У Авдейки ноги подкосились от обрушившегося воя, но родственник поддал ему коленом и потащил впереди себя через мешки и вытянутые ноги. Другой рукой он больно сжимал Авдейкину шею, заставляя ее склоняться в разные стороны, откуда в фуражку сыпалась мелочь и мятые рубли. К концу вагона Авдейка освоился, понял, что от него требуется, и даже разобрал конец песни, из которой и узнал, что имеет дело с родственником графа. В следующем вагоне Авдейка познакомился с ним ближе. Родственник оказался внуком графа Толстого, но каким-то неудачным, незаконнорожденным. Внук сильно горевал по этому поводу, но дедушку любил и слушался. Дедушка у него был хороший и простой, хотя и граф. Он, совсем как Сопелки, не кушал ни рыбу, ни мясо и ходил босиком. Но у дедушки графа была плохая жена Софья Андреевна. Она ела рыбу и мясо. Босою она не ходила, щадила дворянскую честь, и это было так невыносимо, что внук зарыдал в голос.

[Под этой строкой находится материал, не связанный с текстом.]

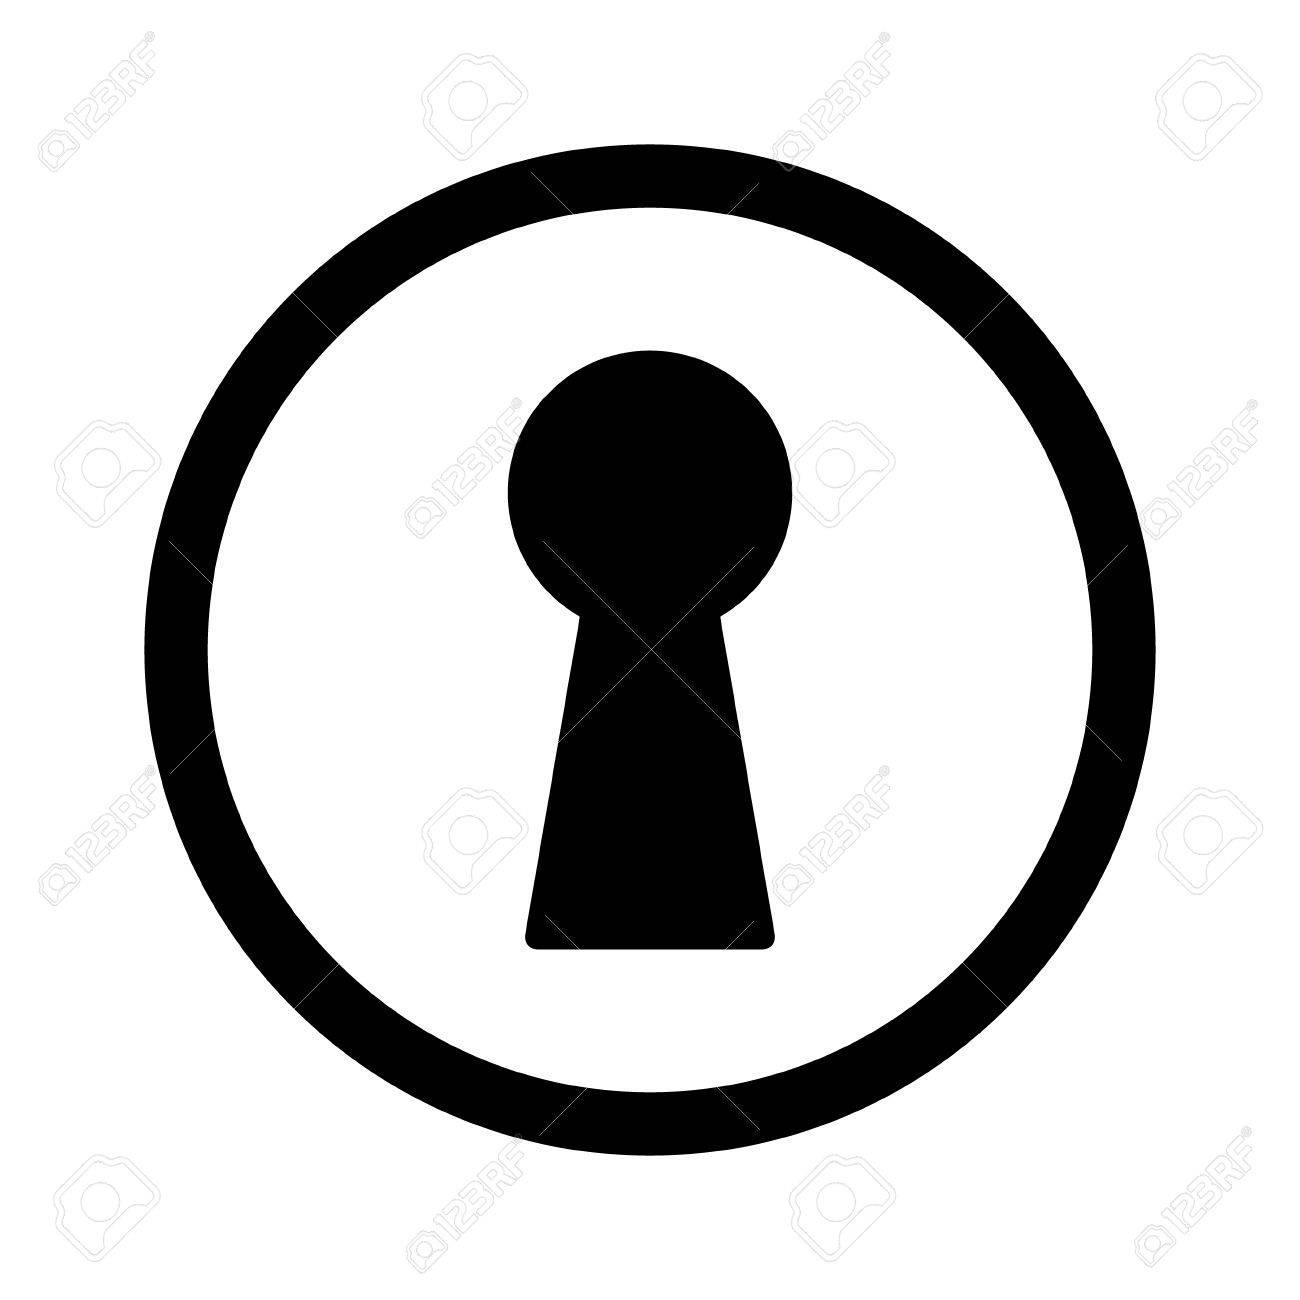 vintage door keyhole access line art icon for apps and websites rh 123rf com key in keyhole vector keyhole vector illustration

Граждане разделяли чувства неудачного родственника, и монеты из их натруженных рук капали в фуражку, как слезы. Граф написал роман "Анна Каренина", но та бросилась под поезд. Дети в вагоне беспокоились и вскрикивали. Авдейка спотыкался, "...и роман его "Воскресение" читать невозможно без слез", - заявил родственник. Старушки понимающе кивали и развязывали белые платочки. "Вот так разлагалось дворянство..."
Темные старческие руки крестили Авдейку, плачущего от наплыва чувств, и с крестьянской обстоятельностью складывали деньги в фуражку подкидыша.
- Слеза! - воскликнул фальшивый внук, когда вагон остался позади. - Слеза, говорю, была?
- Была, - ответил Авдейка, всхлипывая.
Родственник отвалился к стене тамбура и стал отпивать водку из початой бутылки, делая замеры большим пальцем.
- То-то. Слеза в нашем деле - главное, это ты усеки. Без слезы - дохлое дело, копейки не выжмешь.
Потом родственник вздохнул, по-лошадиному грустно, и с сожалением спрятал бутылку. Засунув палец в фуражку, он помешал деньги, как кашу, бумажные отобрал себе, а горсть мелочи отсыпал в ладонь Авдейке. Подумав, он артистическим движением забросил в фуражку рубль, а помедлив - другой.
- Мера, брат, - объяснил он. - Много лежит - граждане подумают: и без нас не пропадет. Мало лежит - подумают: не дают ему люди и мы не дадим. Вот теперь - в аккурат.
- Жулик ты, а не родственник, - неожиданно заявил Авдейка.
Фальшивый внук глубоко задумался.
Авдейка высунул кулак в выбитое дверное окно, выпустил деньги на волю и услышал:
- Добро переводишь.
- Поднимут, - ответил Авдейка, не оборачиваясь.
- Дивись! - Родственник задрал гимнастерку и показал грудь в розовых шрамах. - Нет, ты дивись на дела рук фашистских извергов.
- Вижу, - ответил Авдейка и снова отвернулся.
- Вот беда, не заработаешь на них ничего, - объяснил фальшивый внук. Больно много нашего брата в шрамах ходит, вот и приходится с глазами придуряться.
- У моего деда страшнее шрамы, а он на фронт идет.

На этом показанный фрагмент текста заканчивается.